- Born: 1989 (age 36–37) Miami, Florida, U.S.
- Occupations: Fashion Photographers, Visual Artists
- Website: elliotanderick.com

= Elliot and Erick Jiménez =

Cuban-American artist duo (born 1989)

Elliot & Erick Jiménez (born 1989 in Miami, Florida) are identical twin brothers and visual artists working between contemporary art and fashion. Their artwork draws on syncretic Afro-Cuban religious traditions and spiritual beliefs, while paying homage to artists such as the late Cuban artist Belkins Ayón and ethnographers in the likes of Lydia Cabrera. Their photographs offer a painterly quality, mixing nature and surrealist elements, and expands into sculpture and mixed media. The Jiménez brothers have been living and working between South Florida and New York City for over a decade.

== Early life and education ==
Elliot and Erick Jiménez are identical twins, raised by Cuban immigrants in Miami. The duo started their interest in photography after receiving their first camera at age 15; and went on to take their first photography course in high school. Although the brothers started photographing professionally separately, they soon realized they shared a joint interest.

== Work ==
Elliot and Erick Jiménez photographic work goes back and forth from fashion photography to visual art. In 2023, the duo photographed Puerto Rican musician Bad Bunny for the cover of Time Magazine, the first issue to be released in Spanish in the publication's one hundred year history. Their fashion work has been featured in Vogue and Harper's Bazaar Italy, among others. They've also collaborated with celebrities like Selena Gomez and Karol G.

Their art installation Blue Chapel (Rejection, Acceptance, Advocacy, Interdependence), was featured in the exhibition Surrealism and Us: Caribbean and African Diasporic Artists since 1940, on view at the Modern Art Museum of Fort Worth in Texas in 2024. Other installations include Red Chapel, featured at WSA in Duet, 2025, and Where Fertile Land Grows featured at Ford Foundation Gallery in Never The Same River, 2026.

In 2025, the Jiménez brothers held their first major institutional exhibition at the Pérez Art Museum Miami, Florida. The show Elliot and Erick Jiménez: El Monte, curated by Maritza Lacayo, expands on the duo's interest in Afro-Cuban religious practices, particularly in its syncretic aspects of Yoruba, Catholicism, and Spiritism.
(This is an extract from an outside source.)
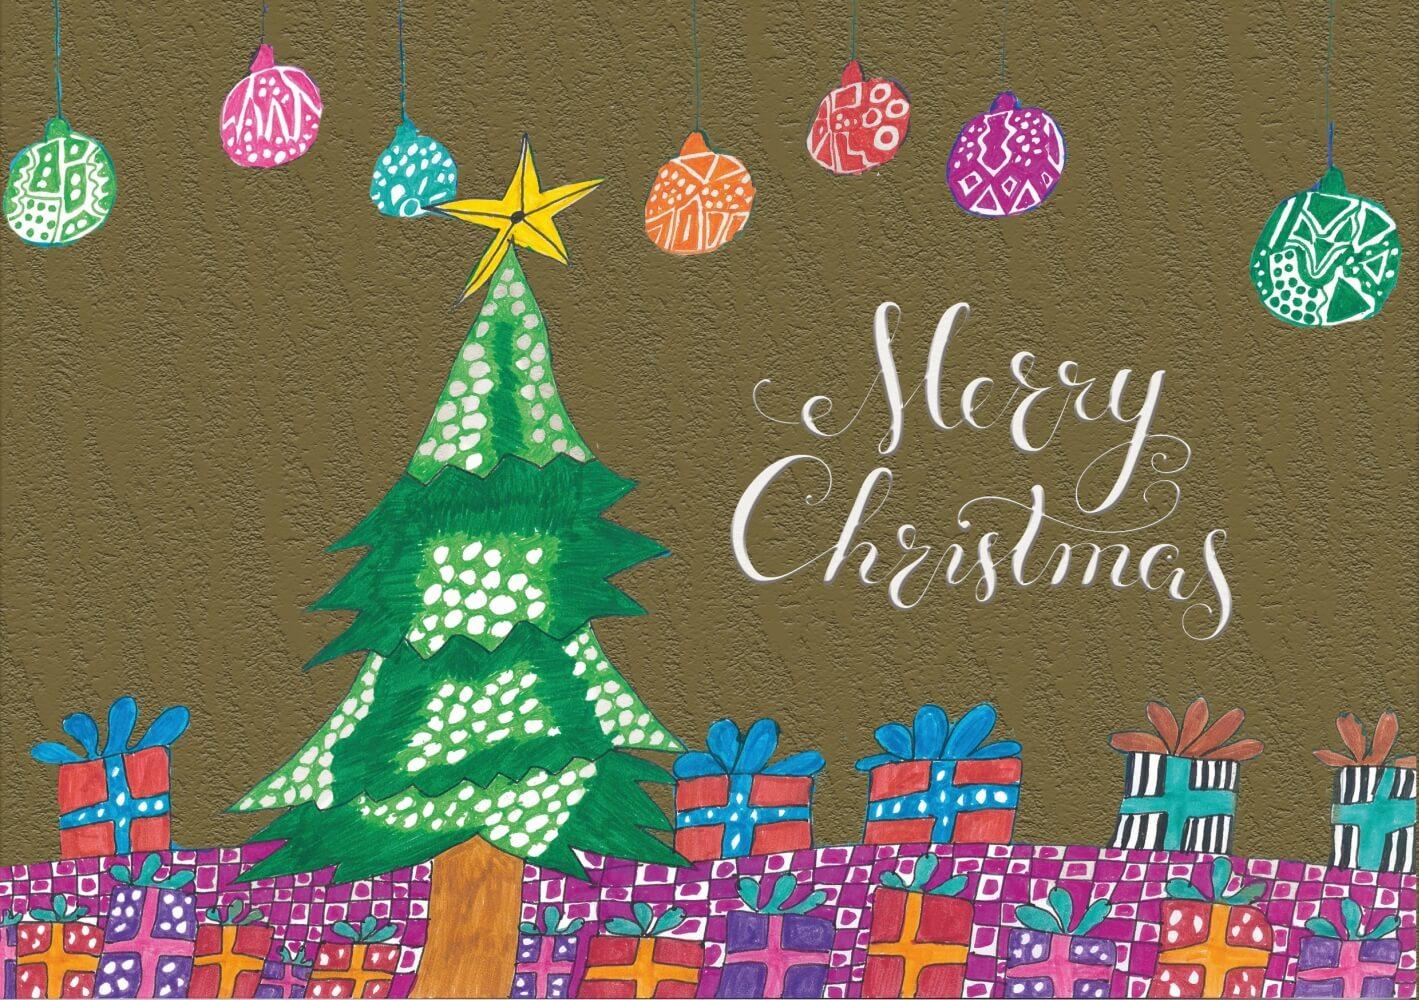 Ein Weihnachtsbaum mit großem Stern, viele Geschenke und Christbaumkugeln

The solo show brings photographic work that draws on the artist's Cuban-American and the ritualistic Lucumí upbringing.

=== Awards ===
Elliot and Erick Jiménez are the recipients of the 2024 CINTAS Foundation Fellowship in Photography, South Arts Fellowship, the Florida Prize People’s Choice Award 2023, the CHANEL Artist Award Program with the Tribeca Film Festival, Emerging Photographers of the year for the Latin American Fashion Awards 2023, Oolite Creator Award, by Oolite Arts in South Florida.